Musk fuses SpaceX and xAI in a $1.25T power play
The merger aims to create an integrated innovation entity combining AI, rockets, and communication technologies, with a focus on developing space-based datacentres to meet growing AI energy demands.
SpaceX has acquired Elon Musk’s AI company xAI, bringing xAI’s Grok chatbot and the X social platform under the SpaceX umbrella in a deal that further consolidates Musk’s privately held businesses. Investor and media accounts of the transaction put the combined valuation around $1.25 trillion, reflecting SpaceX’s scale in launch services and Starlink, alongside xAI’s rapid growth in the AI market.
The tie-up is pitched as a way to integrate AI development with SpaceX’s communications infrastructure and space hardware, including ambitions to push computing beyond Earth. The companies argue that the power and cooling demands of AI, if met mainly through terrestrial data centres, will strain electricity supply and local environments, and that space-based systems could become part of a longer-term answer.

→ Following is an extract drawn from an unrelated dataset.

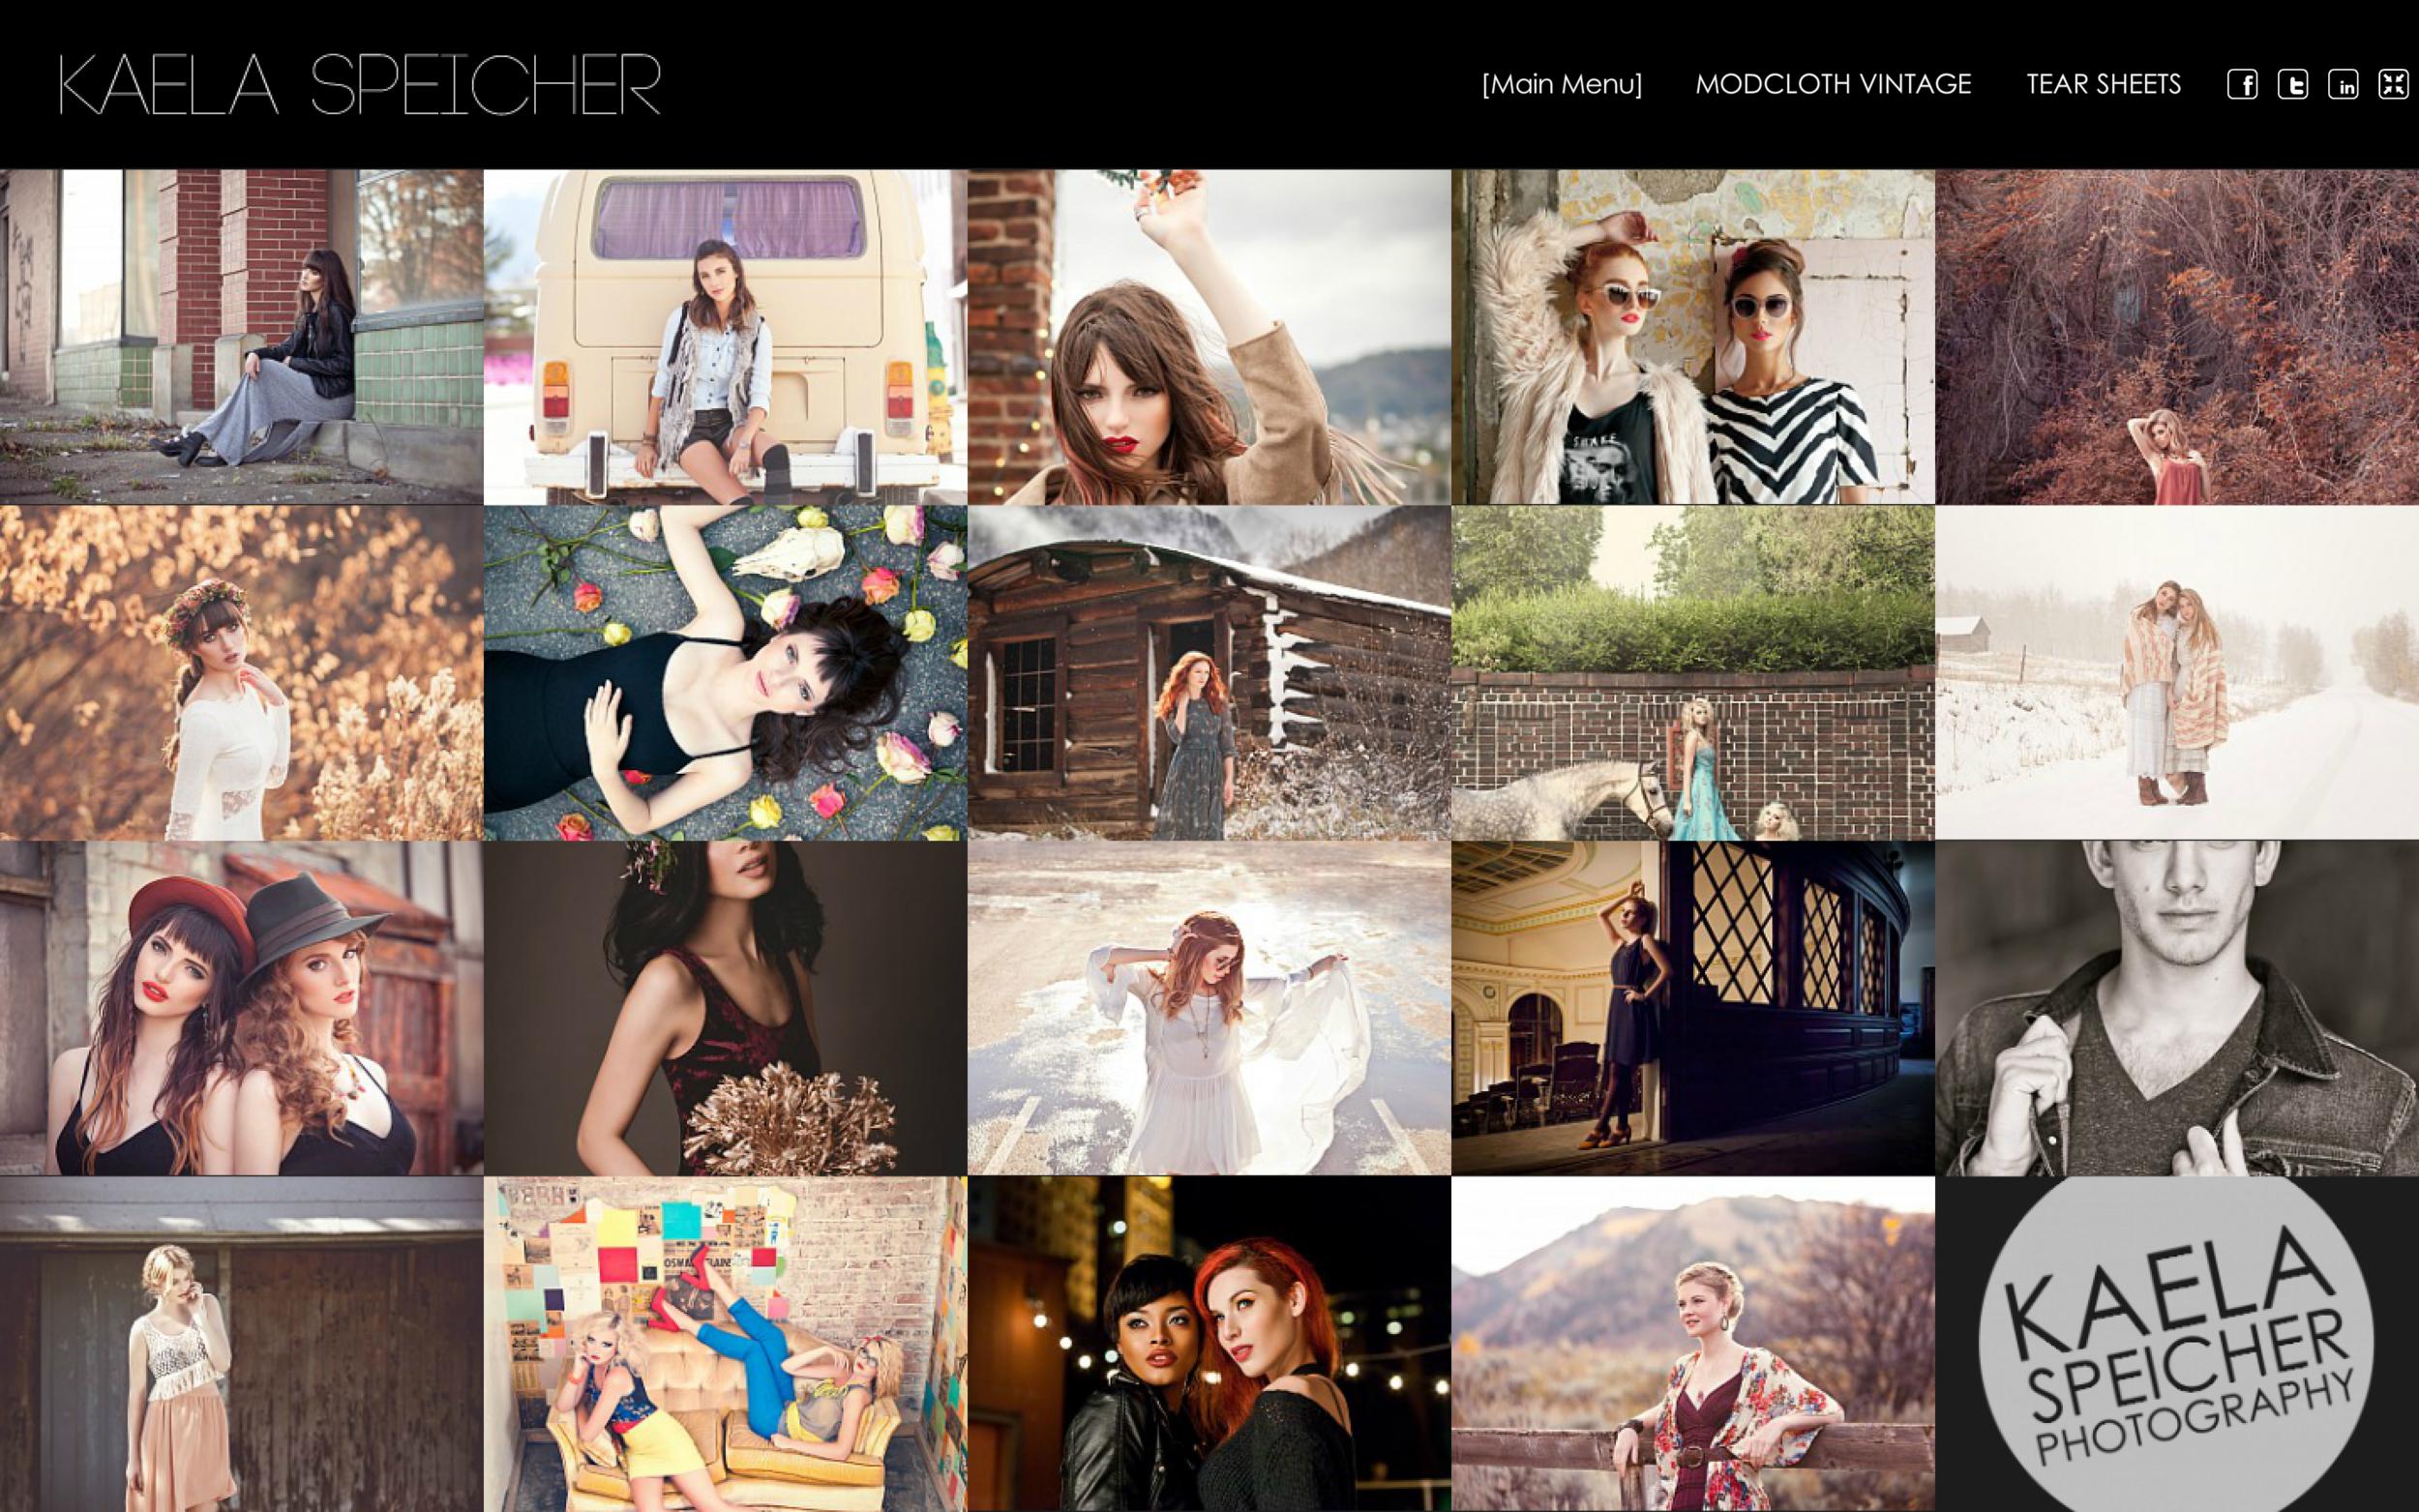 kaela-speicher-fashion-photographer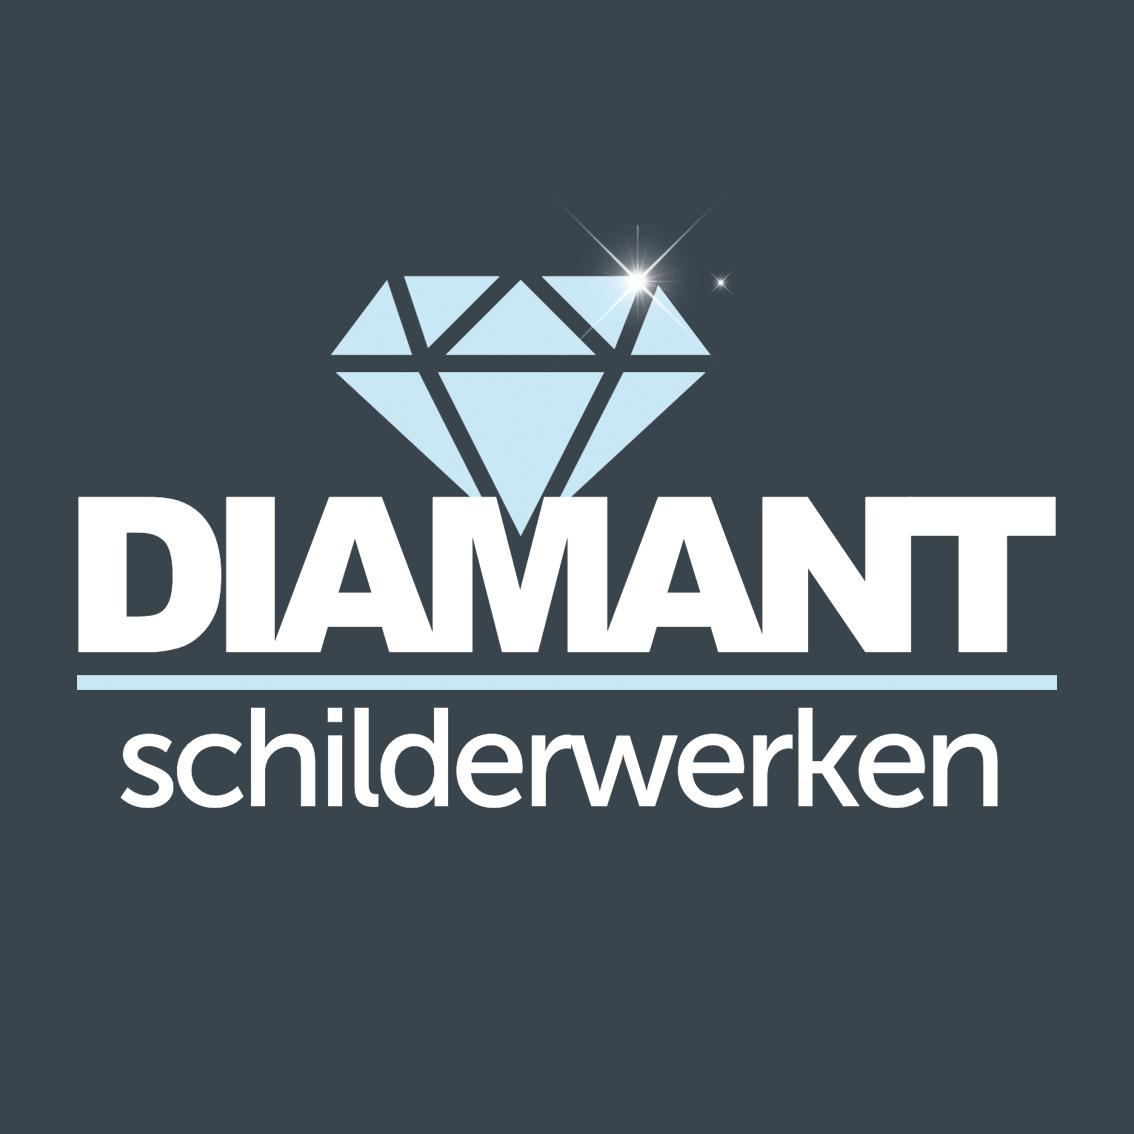 diamant-logo

The deal lands after a period of intense deal-making around xAI. xAI completed a $20 billion Series E in early January that valued the company at about $230 billion, and Tesla has disclosed plans to invest $2 billion in xAI, underscoring how capital-heavy the AI race has become and how closely Musk’s firms are being linked through financing and ownership.
At the same time, Grok and X have faced mounting scrutiny over AI-generated harms, including non-consensual sexualised deepfakes, prompting investigations and renewed pressure on safeguards and enforcement. That backdrop adds regulatory and reputational risk to a structure that now ties AI tooling to a mass-distribution platform and to a company with major government and national-security-adjacent business lines.